Babcia Kika – Krystyna Marber Korzeniowska

1952 (age 24)

I found this beautiful picture of my mother-in -aw today. Of course that should be mother in law, but I rather like mother in awe.I have never seen this before, but it fell into my hands just now as I was looking through a box of her papers that we brought back from Poland recently.

Today is the first anniversary of her death, and I am very aware that I have not commemorated this event in any way until now. Sometimes things take a long while to process – she would be the first to admit that. She was born in 1928, married in 1951 and had my husband in 1953 – whereas I met her in 1978, when I got married to her only son.

I only met her after our registry office wedding, which to us was more like a betrothal – a commitment, yes, but not irreversible. That happened a few months later at our church wedding. Sadly, she did not see it like that. If ever I have unwittingly and unwillingly upset anyone, it was her by our hasty marriage. My parents were ok with it, just about, but my in laws were devastated. I understand it now, but then all we could think of was our happiness – the idea was if we were happy then so should everyone be round us. Unfortunately life does not work like that. I arrived in Poland for Christmas 1978 to be met with cool not to say frosty politeness. Eventually it dawned on me ( after some very difficult conversations ) that my new family felt that I was stealing their only child from them. That of course had never been my intention. I was just delighted to acquire a larger family – that has been my aim in many ways all my life – but no one else saw it my way.

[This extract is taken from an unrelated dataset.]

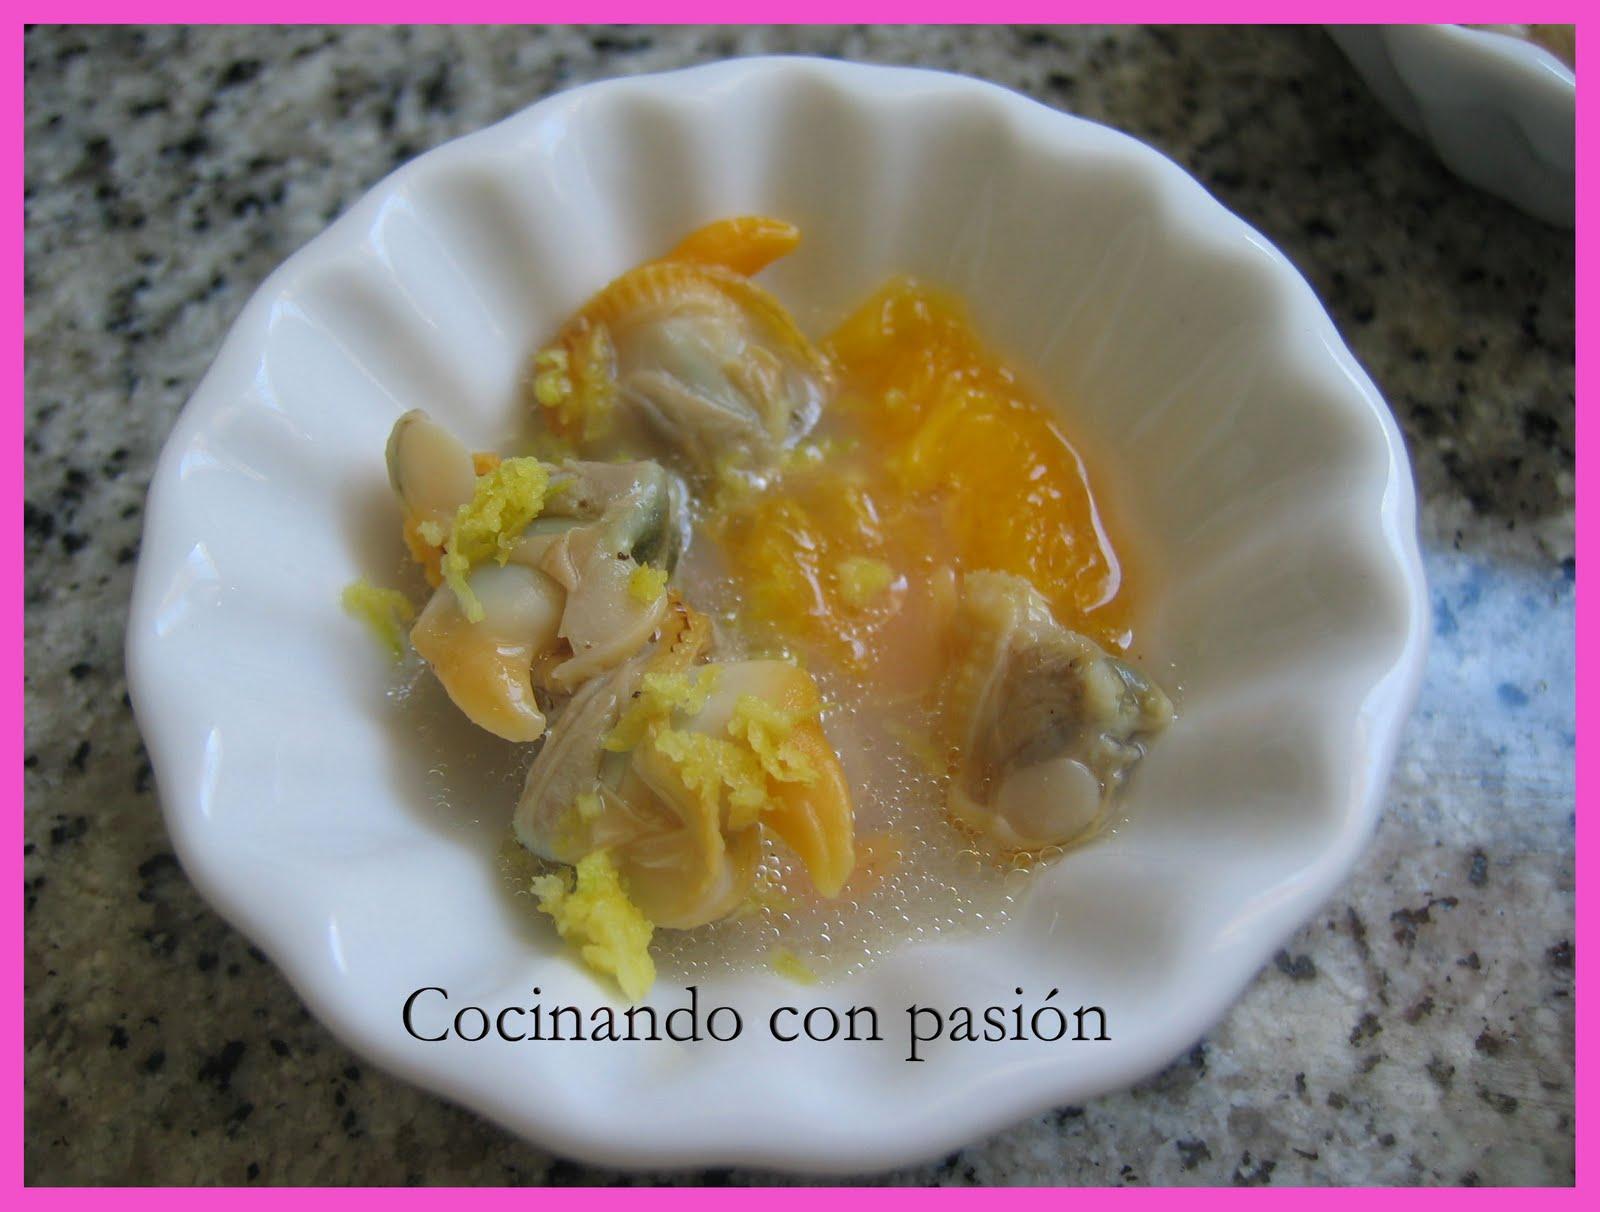 Cocinando con pasi n cucharita de berberechos con naranja - Como cocinar berberechos ...

Why am I writing this – because my mother in law – made a supreme effort. Yes, those first two weeks in Poland were very difficult – but in that time she arranged a big party for us so that their friends and relations could get to know me, and she made a lot of time for me and tried to reassure herself that her son at least would be happy with me. I came back to England and then went to Poland once more before our church wedding. Yet this time it was in a way even more difficult because we had to attend a cousin’s wedding, which brought home toher the fact that she had not come – not been invited – to our registry office wedding. But neither had anyone else. As far as we were concerned it was just a piece of paper. no ceremony, no rings , just two witnesses and ten minutes. Fun – but not nearly as important as the real thing. It took a while for her to understand that we had gone through this procedure precisely because we wanted to do everything legally, so that sh e and my father in law could come to England to the actual wedding.

Communist times in Poland made foreign travel for their nationals very difficult. My husband had come over to England on work experience and was the only young person I had ever met who had a work permit and could therefore earn money legally. He had to return to Poland soon after our reg off wedding. But before he could come back to England he had to pay back his university studies. luckily he had a car which he sold in order to be able to do so. Inadvertently Kika’s (she hated that name, but it caught on) love for her son – she had saved up for years so he could buy a car – enabled him to come to England legally. That was another cause of distress for a while.

Yet throughout all her unhappiness she was always kind and thoughtful. They came to our wedding in May – not exactly beaming, but resigned. But by Christmas – we went together to Warsaw – she took me aside and told me that she loved me – she admitted that she had worked very hard on herself, but had come to the conclusion that I was a ‘good thing’ – or words to that effect. My father in law had come to that conclusion a lot earlier, my grandmother in law was still working on it, not very successfully, but relations improved massively from then on.

And I too began to realise how life was difficult for her at the best of times. Her own family life had been somewhat disastrous. She didn’t know her father, who had left her mother soon after their marriage. At the age of sixteen or so she had been rounded up and sent to Ravensbruck Concentration Camp during the Warsaw Uprising. When liberated she was sent to Sweden where she earned a living by dancing with a Polish folklore dance troupe. Then she returned to Warsaw, finished her education as a food technologist, met my father in law, married him and I would like to say lived happily ever after.

Over the years we talked a lot, and became good friends in many ways. Even when talking over the phone was difficult – very expensive – and hard to get a connection she liked to talk to me every week – she was always interested in what we were doing and the children, and always full of advice. I wasn’t very good about that, but I learnt to deal with it. She learnt to accept me too. Thank goodness.

What I really really liked about her, and what I respected most, was that she was prepared to listen and to change her mind, once she had acquired all the facts she could about the situation and deliberated them for a while. I found this quite strange, being more used to my own mother’s way of thinking – snap decisions and judgments, a quick laugh and sorted. They could not have been more different in attitude and lifestyles – but they too eventually began to understand each other, I think. She was always determined to do the right thing and was always very honest – but that’s another story!

I’m going to stop here now, I think. Mother to my husband, grandmother to my three children – she adored them all,and me, in her own way. She personified uprightness and love, with a good dose of humour too.

3 comments on “Babcia Kika – Krystyna Marber Korzeniowska

  1. Wow – she sounds like quite a woman. She and my babcia would have gotten along famously. I’m so happy for you that she came around and saw what your husband saw in you and made her peace with the hasty first wedding.

    Interestingly enough, best photo I have of my babcia is from her 1934 Legitymacja.